Keeping an Eye on Tor Traffic

Published: 2016-05-26
Last Updated: 2016-05-26 07:25:05 UTC
by Xavier Mertens (Version: 1)
3 comment(s)

Do you know the amount of Tor traffic hitting your network? Do you know what people are doing from this anonymized network? Most IDS solutions have built-in rules to report traffic generated from/to Tor exit nodes. This is a common event triggered by rules like this one (from the Emerging Threats feed):
alert ip [185.97.32.18,186.212.145.191,187.20.170.159,188.120.231.199,188.126.81.155,188.129.46.116,188.138.1.217,188.138.9.41,188.138.9.49,188.209.52.109] any -> $HOME_NET any (msg:"ET TOR Known Tor Exit Node Traffic group 29"; reference:url,doc.emergingthreats.net/bin/view/Main/TorRules; threshold: type limit, track by_src, seconds 60, count 1; classtype:misc-attack; flowbits:set,ET.TorIP; sid:2520056; rev:2583;)
This is very interesting to know when some traffic is coming (or leaving) your infrastructure from the Tor network. Tor traffic can be completely legit (more and more people take care of their privacy) but it can also be a sign of reconnaissance or ongoing attack from bad guys. IDS are usually deployed behind firewalls (internal side) and do not see the traffic dropped by the firewall. The dropped traffic has a real value from a security point of view. If most “next-generation” firewalls are able to detect Tor traffic, they do not report the traffic from/to Tor exit nodes by default. I was curious to know how my own infrastructure was reached by such hosts. It means many public resources, servers, VPS and my home network. How to achieve this? I performed this with Splunk but the same is easily doable within other log management solutions like the ELK stack or SIEM products.
 
The first step is to get a list of the Tor nodes. This list is changing all the time and sites provide this data for free. I’m using: https://www.dan.me.uk/torlist/?exit
Keep in mind that for performance reason, you are rate-limited (no need to fetch the list every x minutes). In my case I setup an hourly cron job that generates a CSV file:
#!/bin/bash
URL='https://www.dan.me.uk/torlist/?exit'
OUTPUT='/opt/splunk/var/run/splunk/tor_exit_nodes.csv'
echo "src_ip,desc" >$OUTPUT
wget -O - "$URL" 2>/dev/null | while read L
do
   echo $L,TorExitNode >>$OUTPUT
done
Note: I add a second field “desc” with a default value “TorExitNode” to be able to perform the lookup in Splunk.
 
The next step is to configure Splunk and create a lookup table to search for IP addresses from the CSV files. With the huge amount of IP addresses in the CSV, I decided to use a KV (keyword-value lookup table) to speed up searches. Have a look at the Splunk documentation for details. Now we can use the lookup table and start searching for Tor exit nodes which hit my firewalls.
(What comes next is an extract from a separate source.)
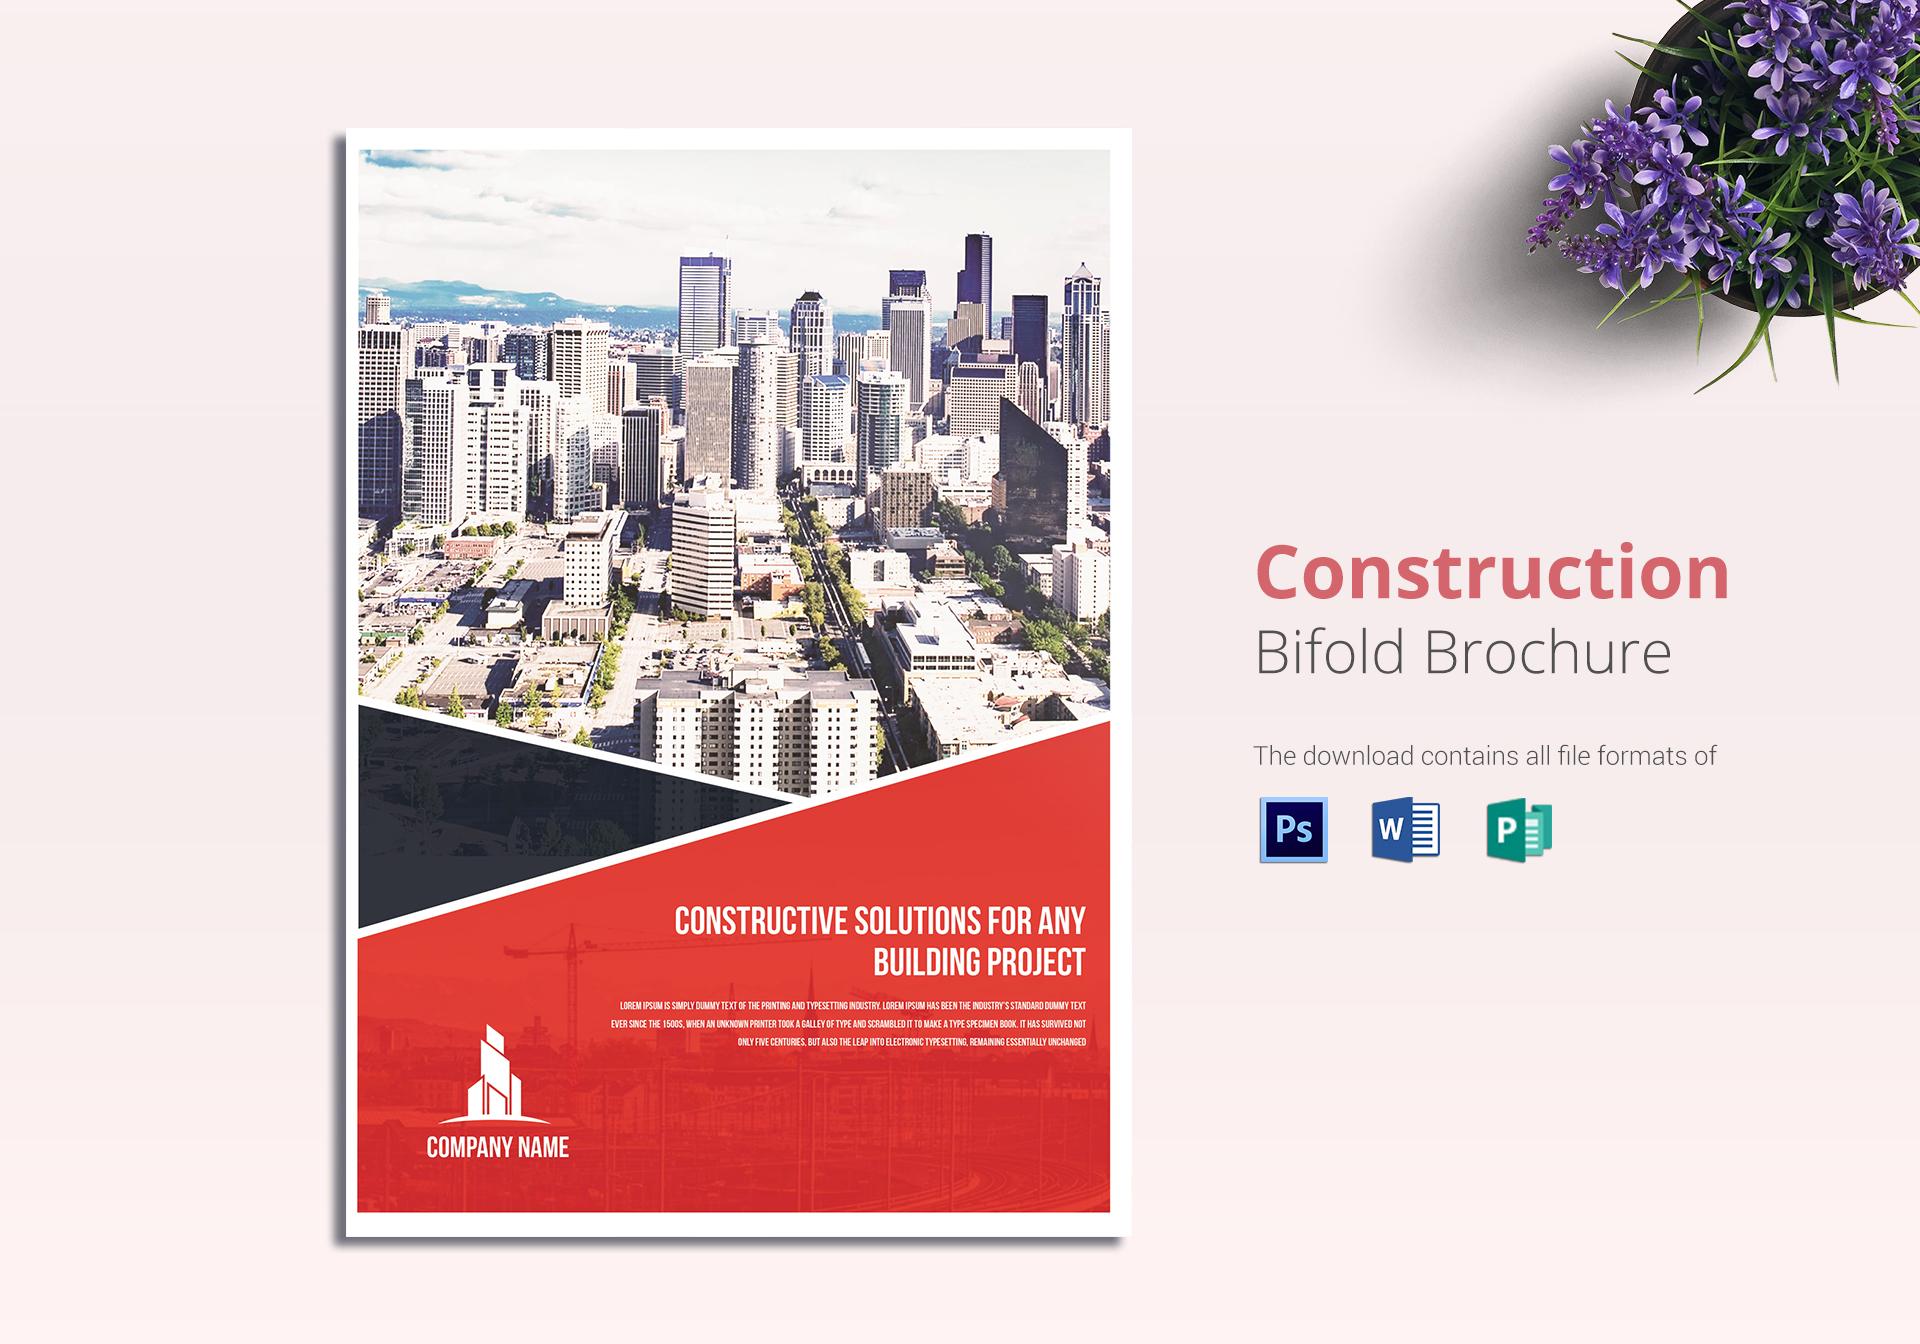 construction solutions bifold brochure template

This is achieve using the following query:
index=firewall |
dedup src_ip |
lookup tor_exit_nodes src_ip |
where desc="TorExitNode"
For the last 24 hours, it reported 53 unique Tor exit nodes:
Here is an overview of hits per exit node:
index=firewall  |
lookup tor_exit_nodes src_ip  |
where desc="TorExitNode"|
stats count by src_ip
Where are located these nodes?
index=firewall  | 
lookup tor_exit_nodes src_ip  | 
where desc="TorExitNode"| 
iplocation src_ip | 
stats count by Country
Over 30 days, I got traffic from many countries. I was surprised to see France in top position:
And finally, more important: which ports are probed?
index=firewall  | 
lookup tor_exit_nodes src_ip  | 
where desc="TorExitNode"| 
stats count by dest_port
 
Based on the graph, we can see that the traffic is mainly reconnaissance: ssh ports / telnet and web services. A special mention for VNC (5900) and SIP (5060)!
Finally, we can get info about a specific protocol (ex: HTTP). Here we see all HTTP errors (code > 200):
 
You can imagine plenty of useful queries to get extra values from your logs. If your web server is scanned, something weird may occur but it it's performed from Tor, you can increase the incident level.
 
Xavier Mertens
ISC Handler - Freelance Security Consultant
PGP Key
3 comment(s)

Comments

How you go about updating blacklist on a firewall using this url?
It depends on the firewall brand / model. Can be via a REST API, a built-in feature, ...
Last year, the same kind of approach was explained: How to integrate the DShield Top-20 in a Palo Alto Networks firewall:
https://isc.sans.edu/forums/diary/Subscribing+to+the+DShield+Top+20+on+a+Palo+Alto+Networks+Firewall/19365/
We tried this and got bombarded with false positives from all the listed Tor node IPs that are also hosting various websites.